Likewise, he said that the vertical displacement or sinking of the flyover has become excessive, citing the National Structural Code of the Philippines (NSCP) for bridges, which limits allowable displacement of 50 millimeters or less.

“[Iloilo City Councilor] Ely Estante butted in and told me that he wasn’t interested in [the NSCP], but I told him that it was important, for us to know if the alignments had already exceeded the limit. For me, since we’ve seen the [visible] displacements, which means we have seen the limits,” Jardeleza said.

Jardeleza suggested redoing the foundations on Piers 4, 5, and 6 by burying them further together with a new group of board piles per foundation, as the original foundations and the 2.8-meter board piles buried 30 meters deep into the ground were no longer viable.

He cited that the Department of Public Works and Highways-Region 6 (DPWH-6) was unable to provide data as to how deep the board piles sank, although other experts said the depth should have been 49 to 50 meters.

It was also found out during the meeting that the flyover continues to sink and that the contractor, International Builders Corp., has resorted to jet grouting to arrest the movement.

Jet grouting involves injecting grout materials – usually cementitious, resinous, or solution chemical mixture – into the ground to improve soil mechanical and permeability properties.

The purpose of grouting can be either to strengthen a formation or to reduce water flow through it. It is also used to correct faults in concrete and masonry structures.

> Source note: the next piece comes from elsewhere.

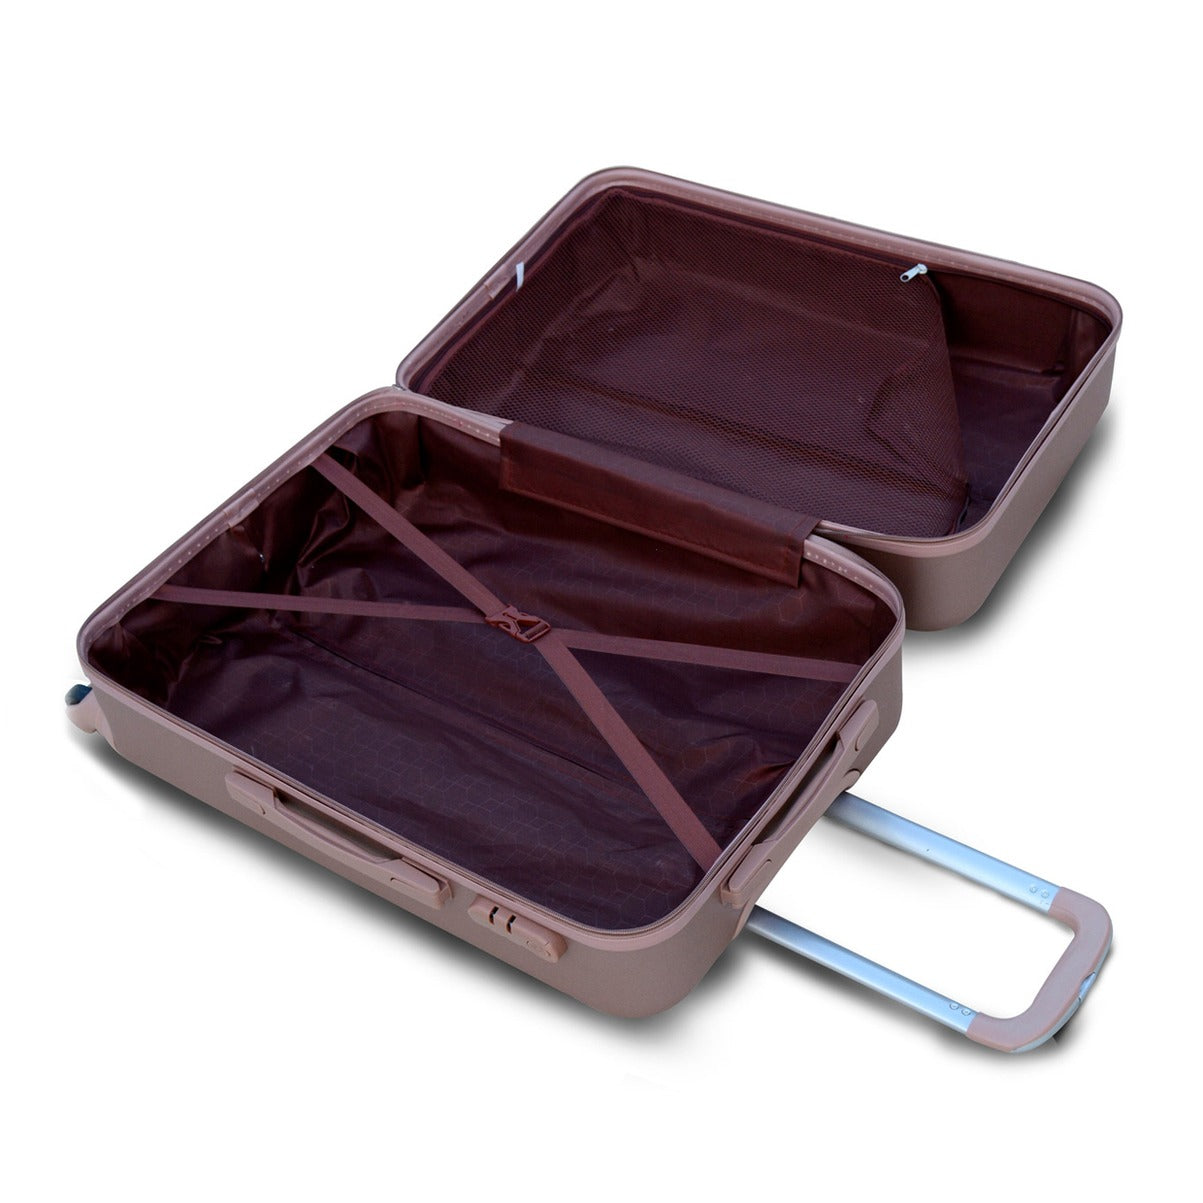 20" Rose Gold Colour Diamond Cut ABS Luggage Lightweight Hard Case Trolley Bag Zaappy.com

Jardeleza said that based on their engineering standards, solutions to the flyover’s issues were “simple but costly”, without needing to destroy the upper sections of the superstructure which includes the girders and the carriageways.

“We have to build the superstructure and adjust it back to the original level. Then, there needs to be a new soil investigation conducted. The piers, their caps, and the sunken board piles are no longer useful and should be demolished and replaced by new ones, which would be group board piles around the piers and the original board this time, and anchor them at the second-most strong layer, then those would be the new foundations,” he said.

“In the meantime, the superstructure should be suspended and would be eventually carried by the new piers. They should be placed with stands and used with jacks. It’s not retrofitting, but something brand new because the older foundation was already unviable and should just be buried underneath,” he added.

Monday’s committee meeting, which focused on the situation at the flyover in Pavia, resulted in an RDC-6 resolution urging the DPWH-6 to expedite the engagement of a third-party consultant by using the negotiated contracting process and to consistently provide periodic updates to the council via the Regional Project Management Council.

The flyover was fully opened to the public in the early part of September 2022, but it was closed again two weeks later after Daily Guardian first reported the sinking foundations of the structure.

The flyover is one of the legacy projects of former senator Franklin Drilon before he retired from politics after the May 2022 elections.